Not surprisingly, the characters live behind curtains of self-absorption with Haneke introducing computer conversations and cell phone photography in an attempt to add one more element of alienation, as well to give the story some contemporary spin.

Unafraid to present his images in lengthy takes that defy contemporary pacing, Haneke again immerses us in a world in which the so-called civilized folks are vicious and the rest of society (notably a group of immigrants seen at the end) are innocent pawns. Same goes for poor Rachid (Hassam Ghancy) the family servant who lives in a house next to the large mansion where all of the Laurents reside.

Unlike some of Haneke’s work, Happy End can’t entirely escape dullness, even as its defiant characters work their cruel ways. Happy End is like a snake bite without enough venom as if the snake has become so desensitized by a cruel society that it wants nothing more than to be put out of its own misery.

President Obama's last year in office

Despite the implications of its title, The Final Year is not another addition to the apparently endless supply of apocalyptic Hollywood movies. It is, instead, a documentary about the final year in office of President Barak Obama's foreign policy team, notably John Kerry (Secretary of State), Samantha Powers (UN Ambassador) and Ben Rhodes (Deputy National Security Advisor). Obama appears from time-to-time, but director Greg Baker mostly concentrates on a trio of conscientious wonks who, during the course of the film, visit 21 countries. Although The Final Year takes an unapologetically positive view of those who populate it, the movie also reflects disagreements within the Obama administration about how to proceed in Syria, and it shows Rhodes dealing with flak about a derogatory comment he made about the White House press corps. Everyone in The Final Year is working under tremendous time pressure, knowing that the Obama presidency was drawing to a close -- and in a way none of them anticipated. The Final Year probably doesn't qualify as a great documentary, but its three principal characters, particularly Powers, are quite impressive. If you're among those who disdain the Trump presidency, this film may make you weep. I doubt whether anyone who doesn't fall into that category will be among those buying tickets.

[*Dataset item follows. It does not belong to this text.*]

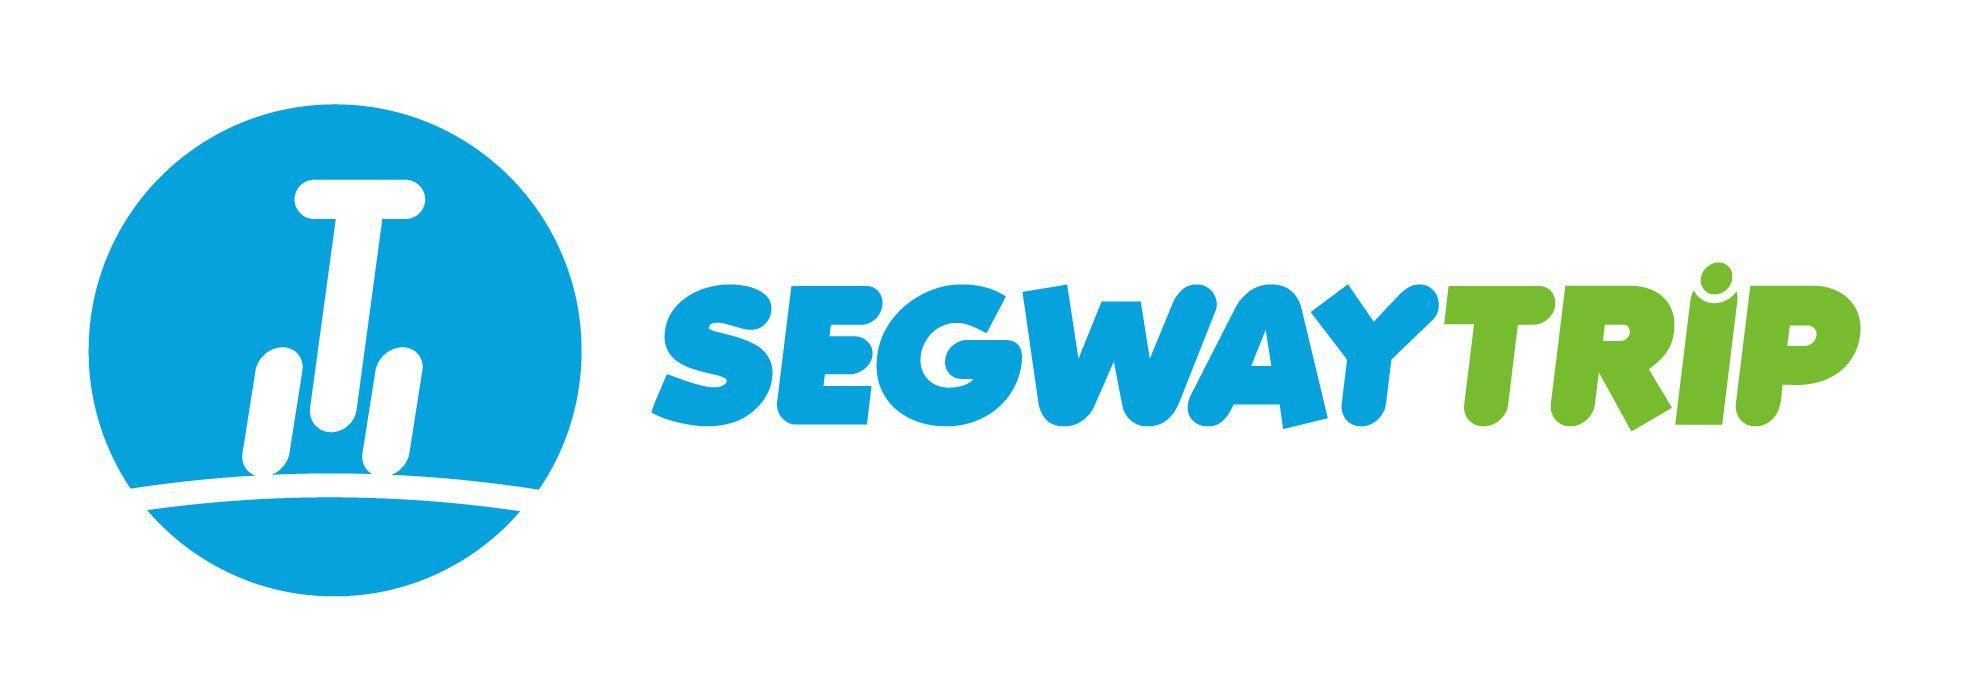 SegwayTrip-logo-horizontal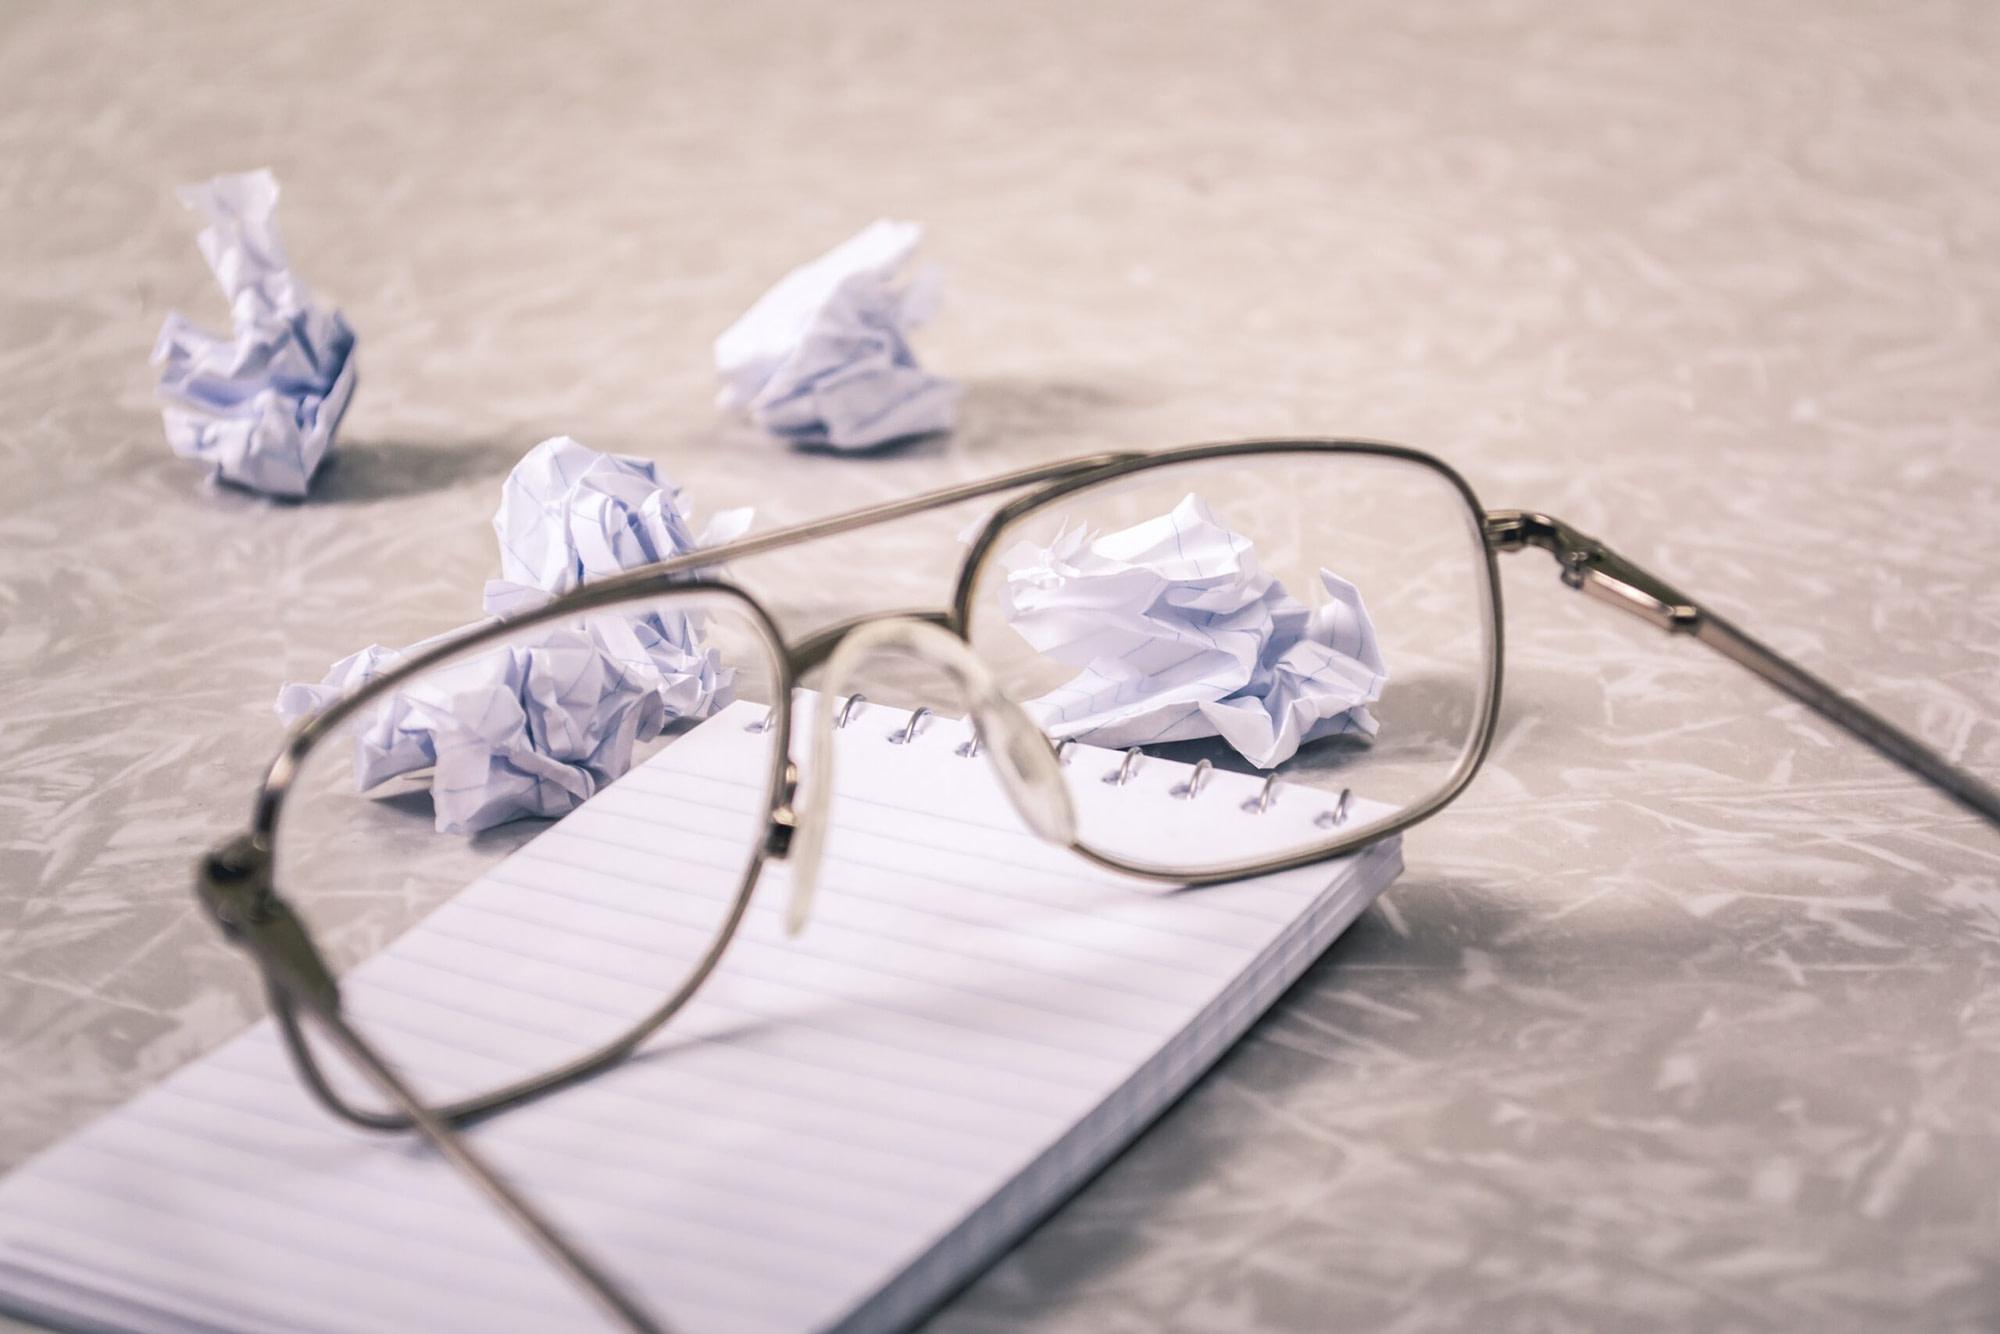 omdenken Van uitdaging naar kans – Deel 2: Omdenken & focus op een ander perspectief close up photography of eyeglasses near crumpled papers 963056 1 scaled

A bland helping of down-home romance

Country rock superstar Liam Page (Alex Roe) spends most of Forever My Girl trying to reunite with the woman (Jessica Rothe) he left at the altar to pursue a life of debauched celebrity. Page returns to his hometown of St. Augustine, Louisiana, eight years after stranding Josie in the church presided over by his father (John Benjamin Hickey). Liam gains some motivation in his quest to recover his small-town roots when he learns that shortly after he split, Rothe's Josie gave birth to their daughter (Abby Ryder Fortson). Writer/director Bethany Ashton Wolf slogs along a formula path in a bland movie punctuated by ... er ... nothing worth talking about. Let's just say that Forever My Girl is to the world of country rock or even country music what karaoke is to accomplished performance. The movie is so drained of character, Louisiana even seems to have lost its humidity.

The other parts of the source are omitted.